Coursera | Andrew Ng (02-week-1-1.8)—其他正则化方法
该系列仅在原课程基础上部分知识点添加个人学习笔记,或相关推导补充等。如有错误,还请批评指教。在学习了 Andrew Ng 课程的基础上,为了更方便的查阅复习,将其整理成文字。因本人一直在学习英语,所以该系列以英文为主,同时也建议读者以英文为主,中文辅助,以便后期进阶时,为学习相关领域的学术论文做铺垫。- Z
转载请注明作者和出处:Z
知乎:https://zhuanlan.zhihu.com/c_147249273
****:http://blog.****.net/junjun_zhao/article/details/79072256
1.8 Other regularization method (其他正则化方法)
(字幕来源:网易云课堂)
In addition to L2 regularization and dropout regularization there are few other techniques for reducing overfitting in your neural network. Let’s take a look. Let’s say you’re fitting a cat classifier. If you are over fitting getting more training data can help, but getting more training data can be expensive and sometimes you just can’t get more data. But what you can do is augment your training set by taking image like this. And for example, flipping it horizontally and adding that also with your training set. So now instead of just this one example in your training set, you can add this to your training example. So by flipping the images horizontally, you could double the size of your training set. Because your training set is now a bit redundant, this isn’t as good as if you had collected an additional set of brand new independent examples. But you could do this without needing to pay the expense of going out to take more pictures of cats.

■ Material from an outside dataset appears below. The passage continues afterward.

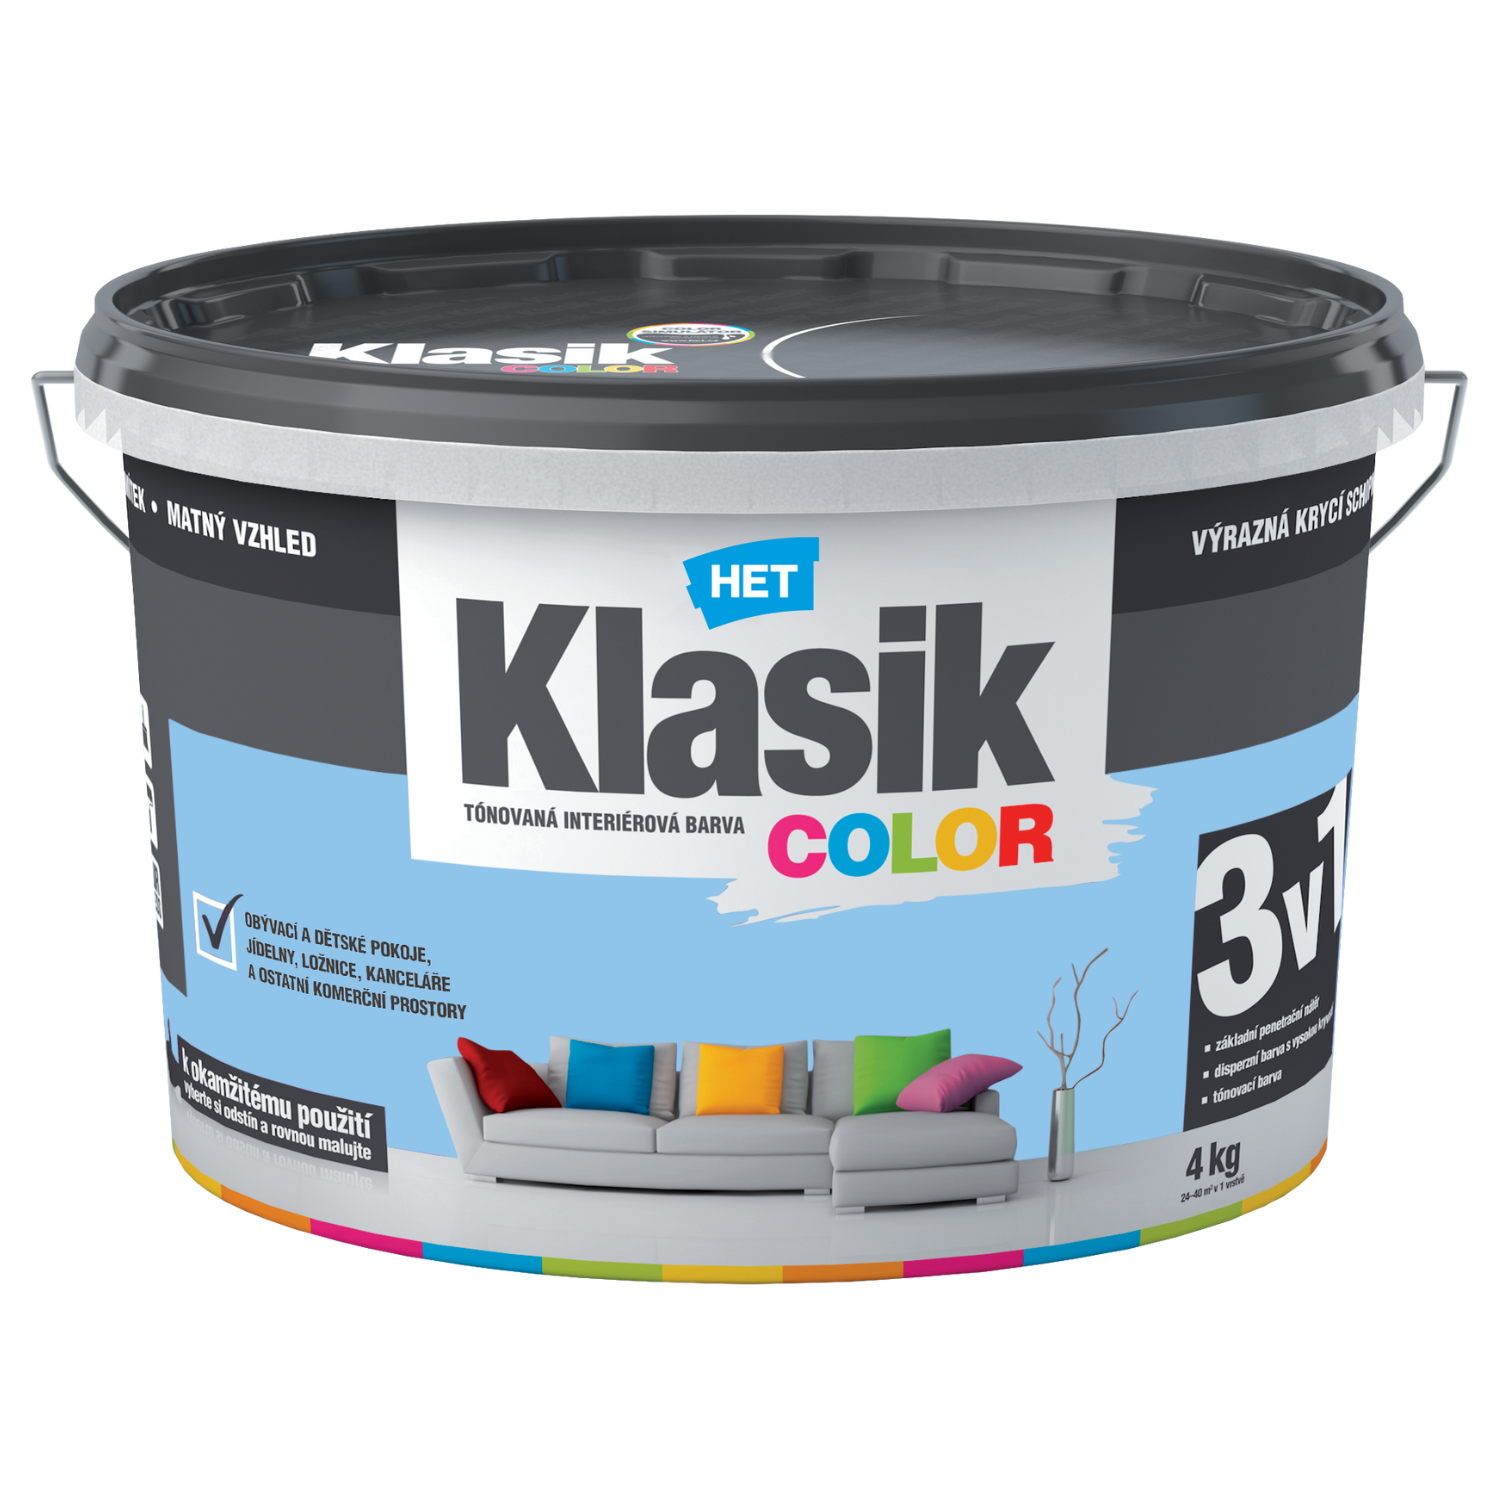 HET Klasik COLOR tónovaná interiérová akrylátová disperzná oteruvzdorná farba 4 kg, KC0347 - fialový orgovánový

除了 L2 正则化和 随机失活 (dropout) 正则化 ,还有几种方法可以减少神经网络中的过拟合,我们来看看,假设你正在拟合猫咪图片分类器,如果你想通过扩增训练数据来解决过拟合,但扩增训练数据代价高,而且有时我们无法扩增数据,但我们可以通过添加这类图片来增加训练集,例如 水平翻转图片,并把它添加到训练集,所以现在训练集中有原图,还有翻转后的这张图片,所以 通过水平翻转图片,训练集可以增大一倍,因为训练集有冗余,这虽然不如我们额外收集一组新图片那么好,但是这样做节省了获取更多猫咪图片的花费。
And then other than flipping horizontally, you can also take random crops of the image. So here we’re rotated and sort of randomly zoom into the image, and this still looks like a cat. So by taking random distortions and translations of the image you could augment your data set and make additional fake training examples. Again, these extra fake training examples they don’t add as much information as they were to call they get a brand new independent example of a cat. But because you can do this, almost for free, other than for some confrontational costs. This can be an inexpensive way to give your algorithm more data and therefore sort of regularize it and reduce over fitting. And by synthesizing examples like this, what you’re really telling your algorithm is that if something is a cat, then flipping it horizontally is still a cat.
除了水平翻转图片,你也可以随意裁剪图片,这张图是把原图旋转并随意放大后裁剪的,仍能辨别出图片中的猫咪,通过随意翻转和裁剪图片,我们可以增大数据集 额外生成假训练数据,和全新的独立的猫咪图片数据相比,这些额外的假数据无法那么多信息,但是我们这么做基本没有花费 代价几乎为 0,除了一些对抗性代价,以这种方式扩增算法数据,进而正则化数据集 减少过拟合比较廉价,像这样人工合成数据的话 我们要通过算法验证,图片中的猫经过水平翻转之后依然是猫。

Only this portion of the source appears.